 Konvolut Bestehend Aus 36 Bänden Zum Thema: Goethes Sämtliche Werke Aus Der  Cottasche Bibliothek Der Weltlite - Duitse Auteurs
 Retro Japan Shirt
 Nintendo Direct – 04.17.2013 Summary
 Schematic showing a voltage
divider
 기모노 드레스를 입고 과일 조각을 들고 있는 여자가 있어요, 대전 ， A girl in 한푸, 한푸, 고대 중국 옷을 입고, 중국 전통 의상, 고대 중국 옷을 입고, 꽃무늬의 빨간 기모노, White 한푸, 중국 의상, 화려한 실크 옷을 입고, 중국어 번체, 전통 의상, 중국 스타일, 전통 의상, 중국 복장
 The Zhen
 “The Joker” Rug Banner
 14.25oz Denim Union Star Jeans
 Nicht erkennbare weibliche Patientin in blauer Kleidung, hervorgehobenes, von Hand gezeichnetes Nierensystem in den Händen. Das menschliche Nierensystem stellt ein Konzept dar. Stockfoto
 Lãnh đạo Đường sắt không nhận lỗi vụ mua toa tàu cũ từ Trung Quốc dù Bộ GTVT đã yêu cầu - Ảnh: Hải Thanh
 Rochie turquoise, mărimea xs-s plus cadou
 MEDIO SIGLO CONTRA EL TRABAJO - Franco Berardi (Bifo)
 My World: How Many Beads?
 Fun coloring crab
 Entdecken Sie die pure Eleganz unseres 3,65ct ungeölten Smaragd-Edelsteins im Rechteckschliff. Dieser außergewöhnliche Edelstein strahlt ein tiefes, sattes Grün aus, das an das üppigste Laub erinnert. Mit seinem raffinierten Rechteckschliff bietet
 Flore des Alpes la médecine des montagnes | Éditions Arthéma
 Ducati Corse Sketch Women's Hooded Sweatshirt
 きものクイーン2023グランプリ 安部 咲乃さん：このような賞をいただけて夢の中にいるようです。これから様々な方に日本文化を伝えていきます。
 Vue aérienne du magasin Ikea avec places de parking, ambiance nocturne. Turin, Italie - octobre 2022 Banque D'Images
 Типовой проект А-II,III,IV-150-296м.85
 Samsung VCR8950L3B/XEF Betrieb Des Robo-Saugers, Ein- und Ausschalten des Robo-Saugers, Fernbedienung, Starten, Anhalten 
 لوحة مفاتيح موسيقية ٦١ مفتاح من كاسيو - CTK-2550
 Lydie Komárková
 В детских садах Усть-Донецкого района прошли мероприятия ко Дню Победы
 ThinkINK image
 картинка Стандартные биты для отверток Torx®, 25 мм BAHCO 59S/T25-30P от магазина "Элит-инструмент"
▬▬▬▬▬▬▬▬▬▬
** ABOUT THIS TASK **
With the line that has "14.25oz Denim Union Star Jeans" as the first and the line that has "Fun coloring crab" as the last, repeat exactly that run of lines above and no more.

** ANSWER SECTION **
 14.25oz Denim Union Star Jeans
 Nicht erkennbare weibliche Patientin in blauer Kleidung, hervorgehobenes, von Hand gezeichnetes Nierensystem in den Händen. Das menschliche Nierensystem stellt ein Konzept dar. Stockfoto
 Lãnh đạo Đường sắt không nhận lỗi vụ mua toa tàu cũ từ Trung Quốc dù Bộ GTVT đã yêu cầu - Ảnh: Hải Thanh
 Rochie turquoise, mărimea xs-s plus cadou
 MEDIO SIGLO CONTRA EL TRABAJO - Franco Berardi (Bifo)
 My World: How Many Beads?
 Fun coloring crab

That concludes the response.